The row between the Irish Farmers' Association and Irish Sugar has intensified over the price offered to farmers for sugar beet.
The farming organisation has accused the Greencore subsidiary of "intransigence" in the price it is offering for the crop which is worth £55 million to farmers annually. Irish Sugar says it will resist attempts by the IFA to "bully" it into price concessions.
Up to 500 farmers and their families, yesterday attended a rally outside the Carlow beet processing plant which closed on Saturday. Another rally was scheduled for the second processing plant at Mallow, Co Cork, due to cease operations tomorrow.
Six hundred and fifty people are employed in the two factories, which process the beet harvest of up to 200,000 tonnes from 4,000 farmers, between October and January. A decision is expected today on their future.
The dispute came to a head on Wednesday when the IFA decided to refuse to supply beet to the Irish Sugar factories. One third of the beet crop has been processed but there is now no more beet to process, resulting in closure.
Irish Sugar says it pays significantly more for beet than either France or Britain.
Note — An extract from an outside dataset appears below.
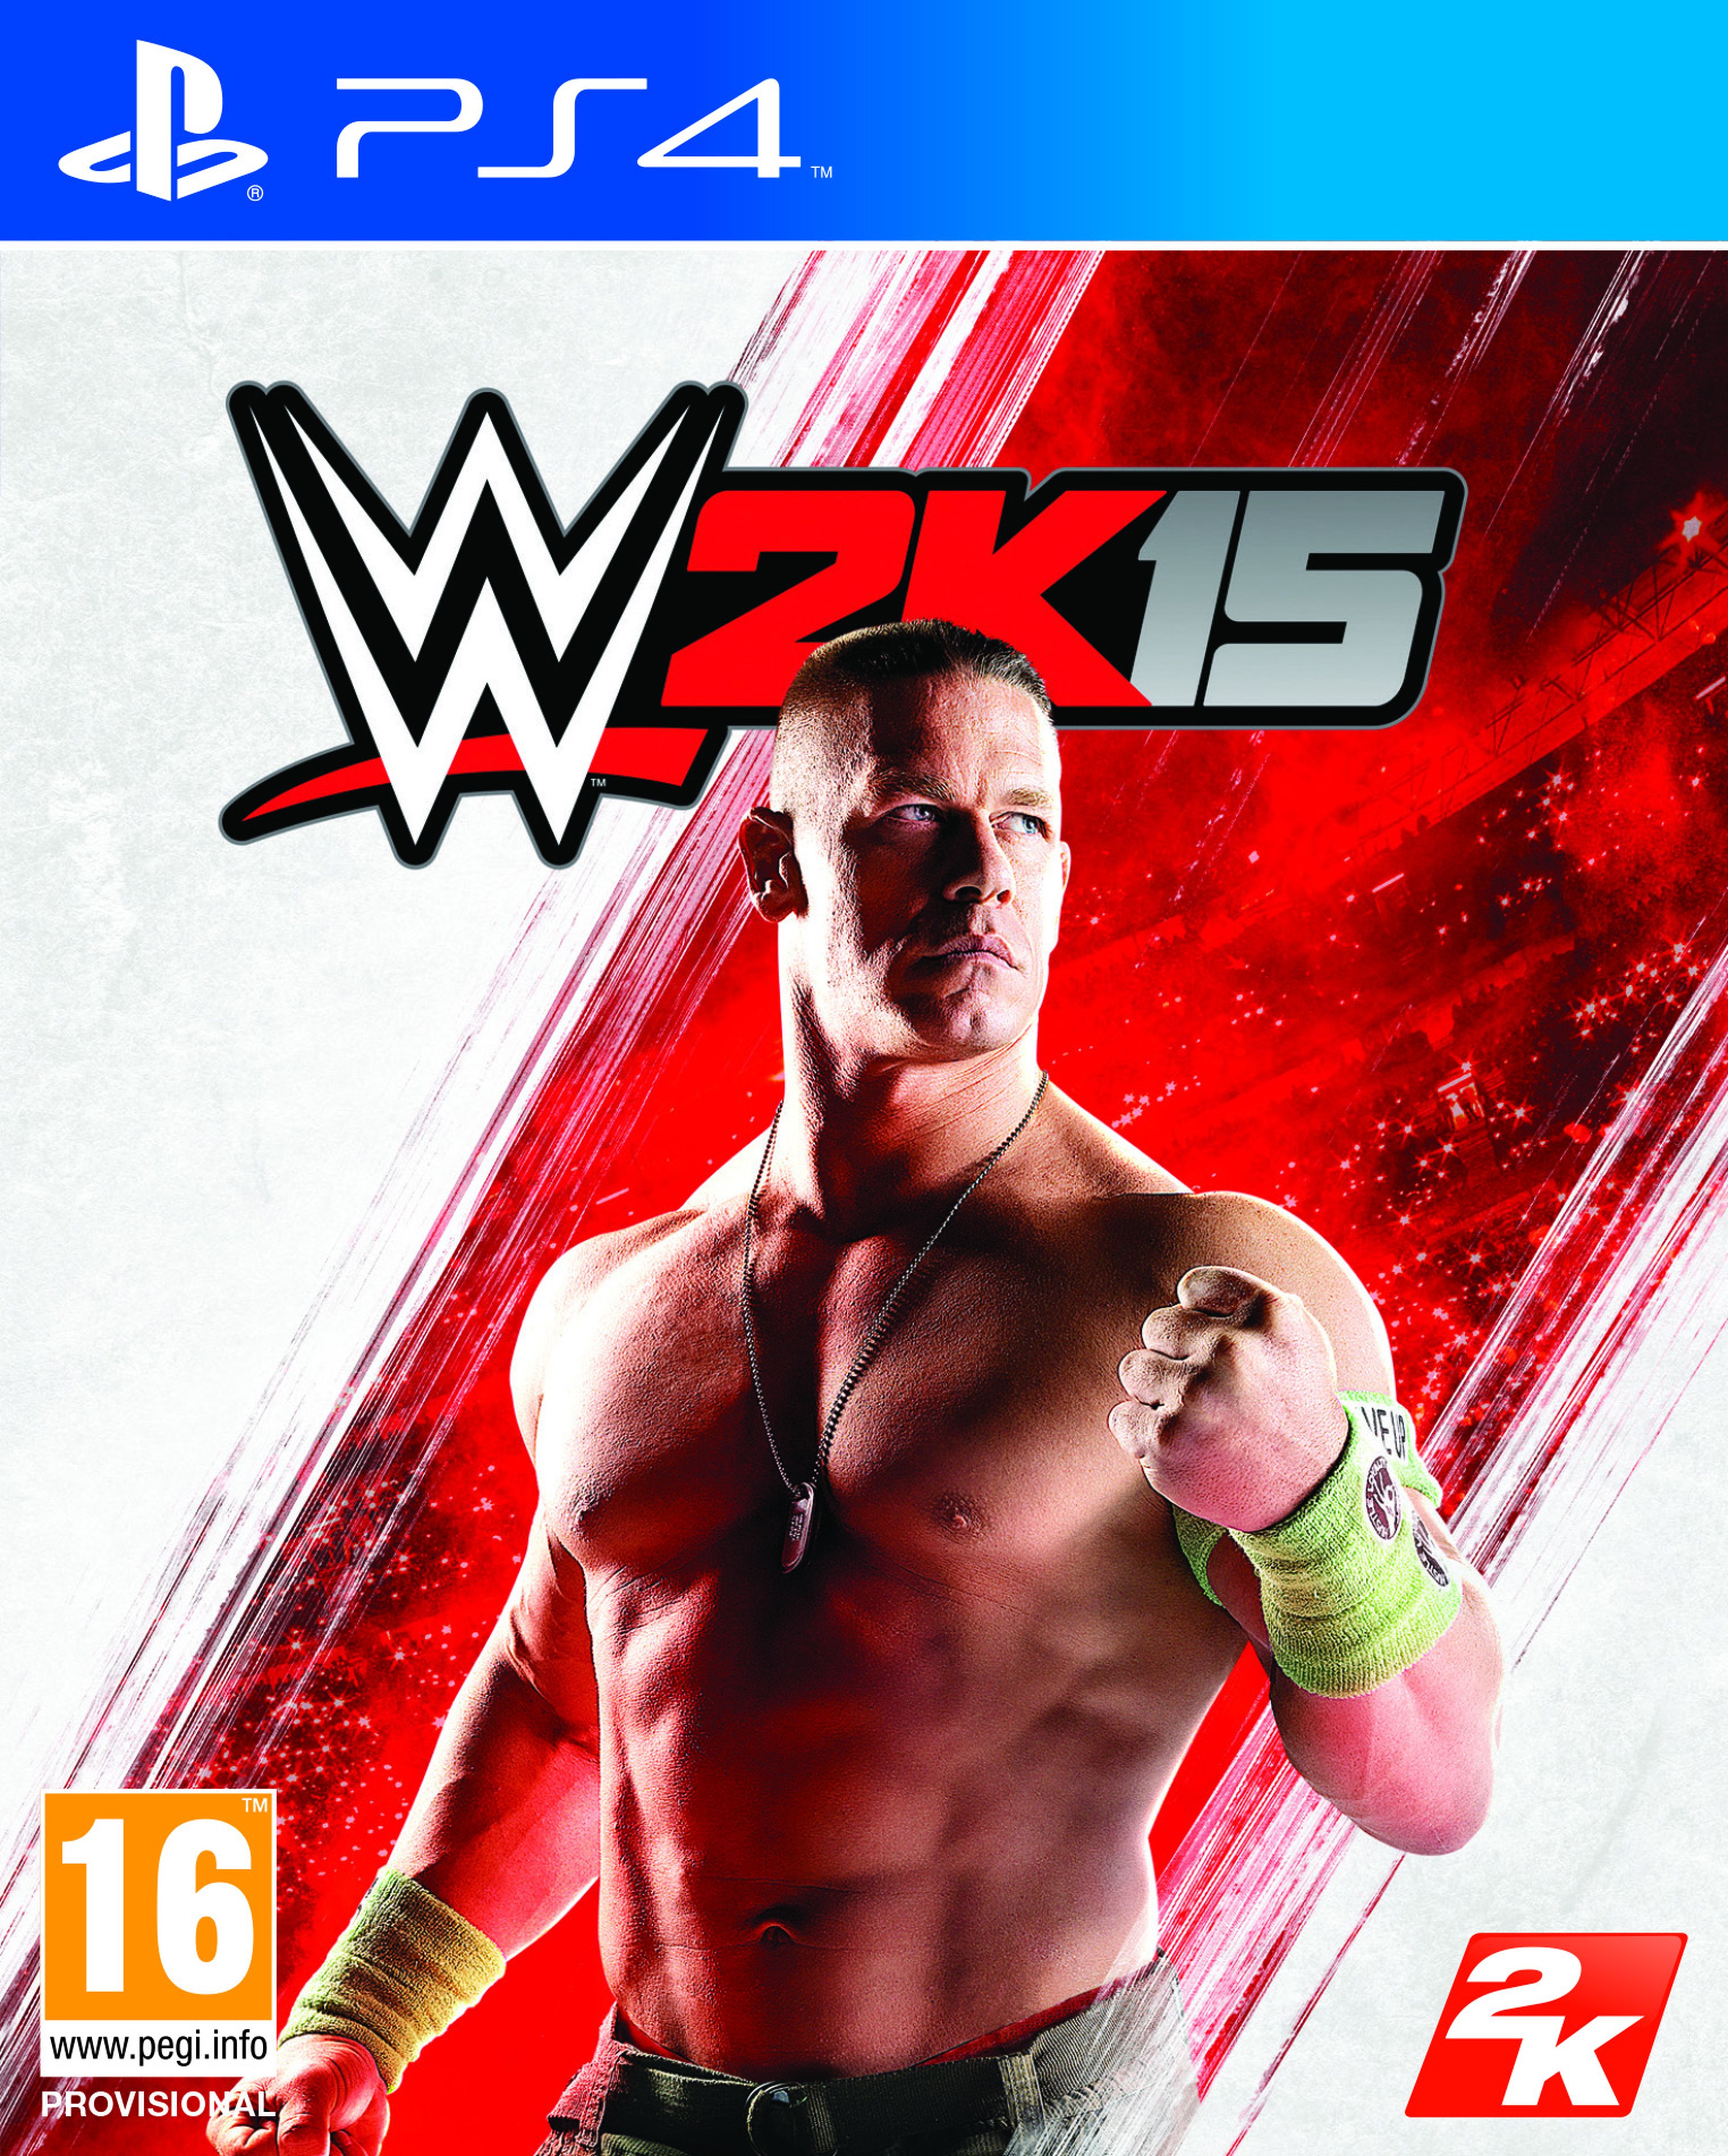 John Cena protagoniza la portada de WWE 2k15

Its chief executive, Dr Sean Brady, claimed the IFA had engaged in unlawful action by inducing beet growers to break their contracts.
However, IFA president Mr Tom Parlon said farmers had been "backed into a corner". He said the company had cut the price of beet by 10 per cent and that the cost of production of beet has risen by £60 an acre for farmers. They had also lost concessions worth £3.50 a tonne. "A £1 a tonne increase to growers would cost Greencore £1.3 million and this is a company that has written off £55 million in disastrous US investments," Mr Parlon said.